** Opening Records for processing block **
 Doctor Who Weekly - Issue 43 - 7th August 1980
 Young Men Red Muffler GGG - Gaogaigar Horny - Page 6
** Closing Records for processing block **
** Opening Records for processing block **
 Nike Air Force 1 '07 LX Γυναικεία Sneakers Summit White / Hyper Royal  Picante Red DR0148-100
** Closing Records for processing block **
### Work instructions
When you reach the line with "Doctor Who Weekly" in the records above, start writing out lines exactly, and stop once the line with "Young Men Red" has been written; include nothing else.

### Output of the task
 Doctor Who Weekly - Issue 43 - 7th August 1980
 Young Men Red Muffler GGG - Gaogaigar Horny - Page 6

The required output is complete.